Fr- agile Führung? - Luise Lohkamp

Ohne Agilität geht in aktuellen Zeiten der VUKA-Welt gar nichts. Egal, ob in Management-Meetings, in Change Prozessen, im Führungstraining, bei Beratertreffen etc.. Irgendwann kommt ein Kommentar, wahlweise: „im Zuge der Agilität wollen wir…“ oder „da wir noch nicht agil genug sind, werden wir…“. Wenn ich die beteiligten Führungskräfte befrage, was sie denn unter Agilität verstehen, resultieren kluge bis skurrile Antworten. Es fallen Stichworte wie „flexibel und innovativ agieren“ über „keine Ahnung“ bis hin zu „Lounge-Sofas“.
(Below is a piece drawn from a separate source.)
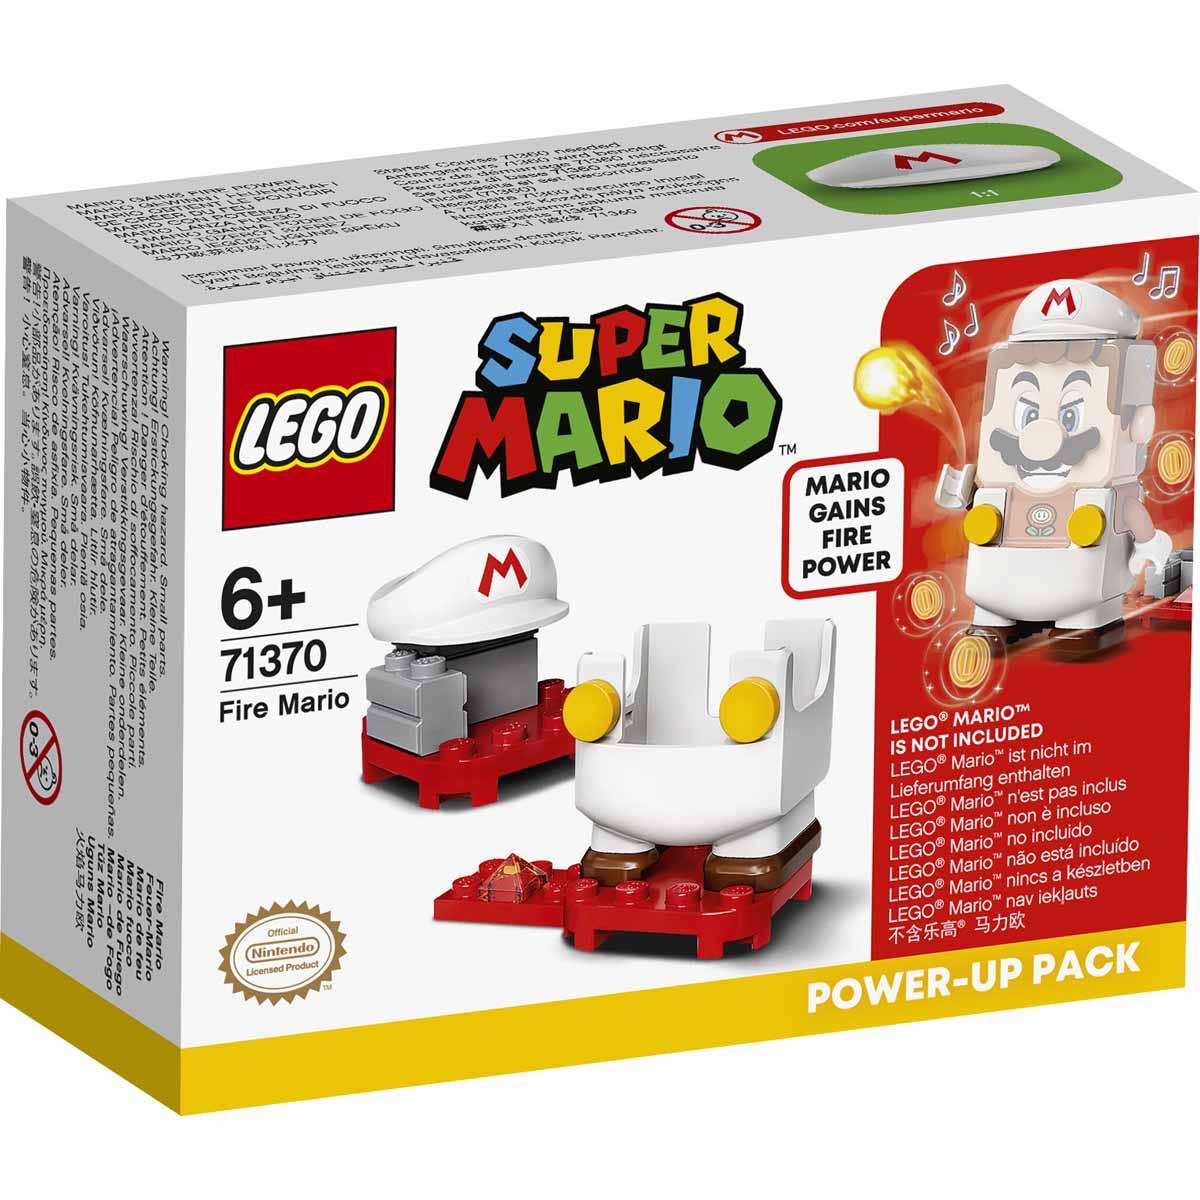 lego-super-mario-71370-fire-mario-boostpaket (1)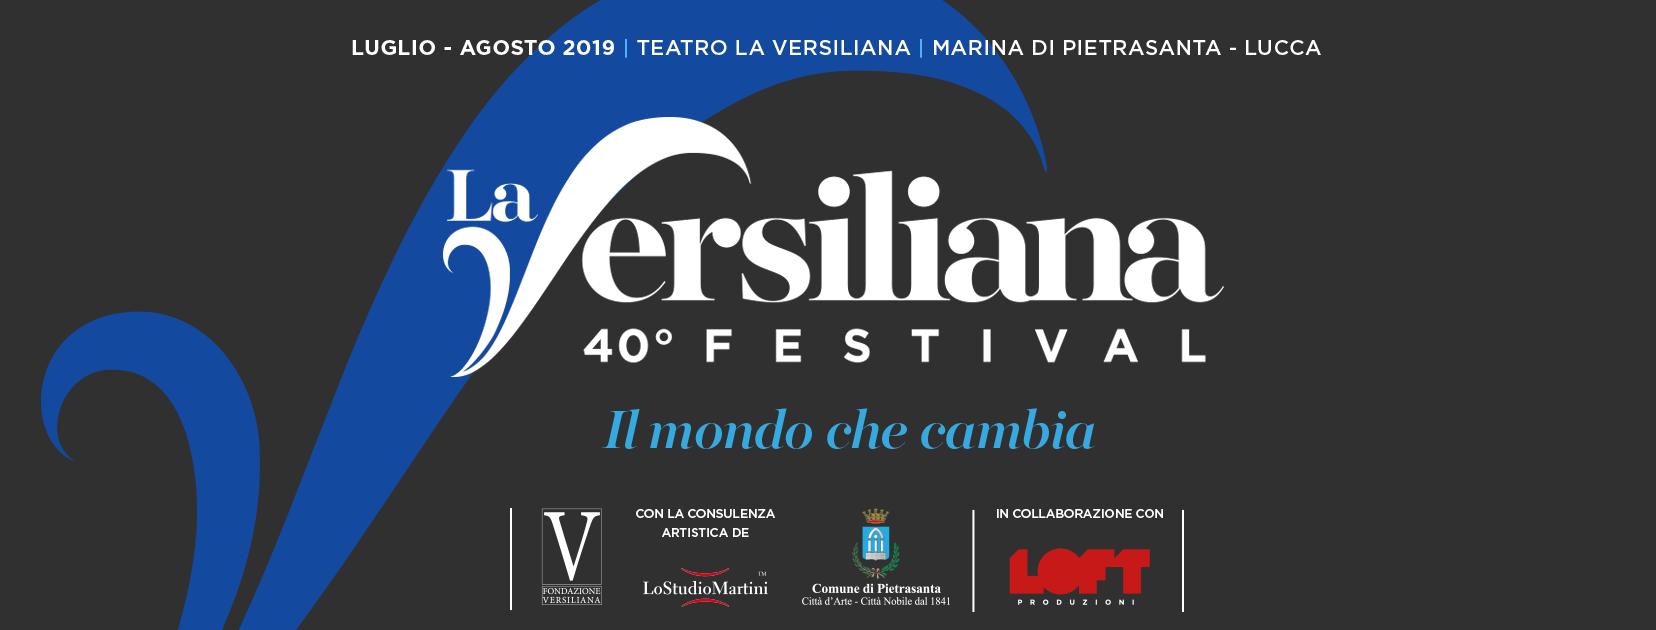 Versiliana 2019

Leider ereignet sich der übliche „Modewort-Effekt“: es ist in aller Munde, nicht jeder versteht es und gleichzeitig setzt es jeder nach seinem subjektiven Verständnis um oder tut zumindest so. Was auch immer darunter verstanden wird, es stellt sich die Frage: Wie fragil ist nun agil?


Was heißt denn nun Agilität für Führungskräfte?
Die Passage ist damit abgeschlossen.